Variable annuities can provide many benefits; however, make sure you understand exactly how they work.
There are two types of annuities sold in America, those sold by insurance agents which are called fixed annuities and those sold by security licensed agents which are called variable annuities.
Variable annuities and fixed annuities are very different creatures. Fixed annuities earn a set rate of interest for a specific time period. Fixed annuities have no fees and no expenses. What you earn is what you get.
Variable annuities invest your funds in separate accounts (sub accounts) that invest in securities such as stocks and bonds, etc. Each separate account will offer specific investment objectives, you select the accounts that will best help you reach your goal.
Here are specific points to understand before investing in variable annuities:
- No guarantee of principal, your account can gain and lose value. Variable annuities have stock market risk (and reward)
- Fees, a variable annuity charges fees for the contract, fees for administration, fees to manage your money and if you have chosen an additional rider, a fee for it.

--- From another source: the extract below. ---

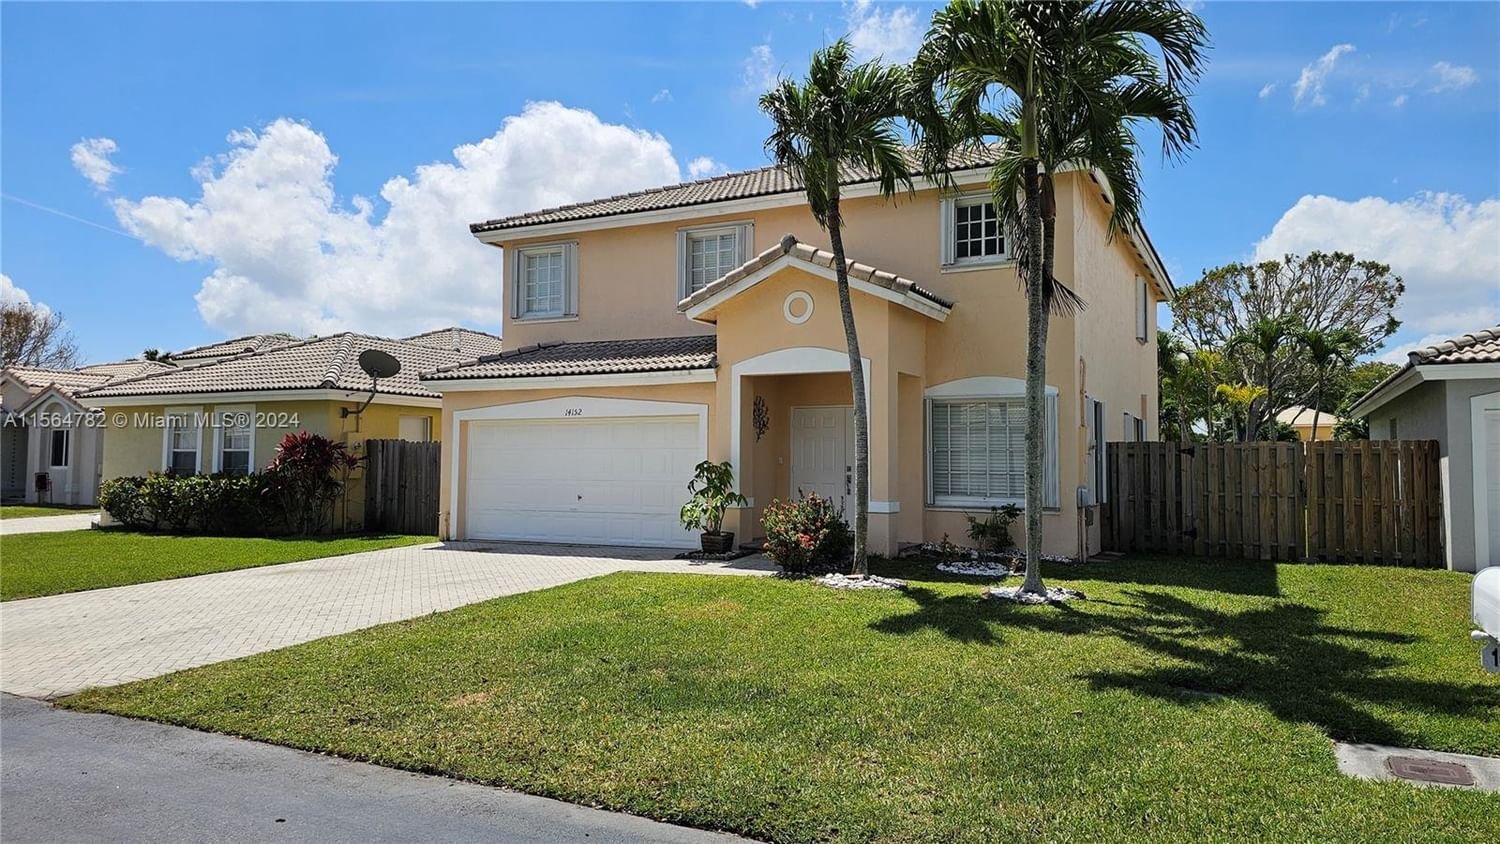 Real estate property located at 14152 154th Ct, Miami-Dade County, OAK CREEK NORTH, Miami, FL

Here is an example of possible fees associated with variable annuities, these are merely examples, your actual fee schedule is located in your prospectus:
- Mortality and Expense fee 1.25%
- Administration fee .15%
- Sub account management fee (varies) .50% to 2.00%
- Income rider fee (varies) .50% to 2.00%
- Death benefit enhancement fee varies
3. Surrender penalties can be lengthy, some as long as 8 years. Make sure you fully understand your contractual access to your funds.
Just like all investment vehicles, variable annuities have their place and can be a good choice, just make sure you understand the moving parts and the fees associated with them.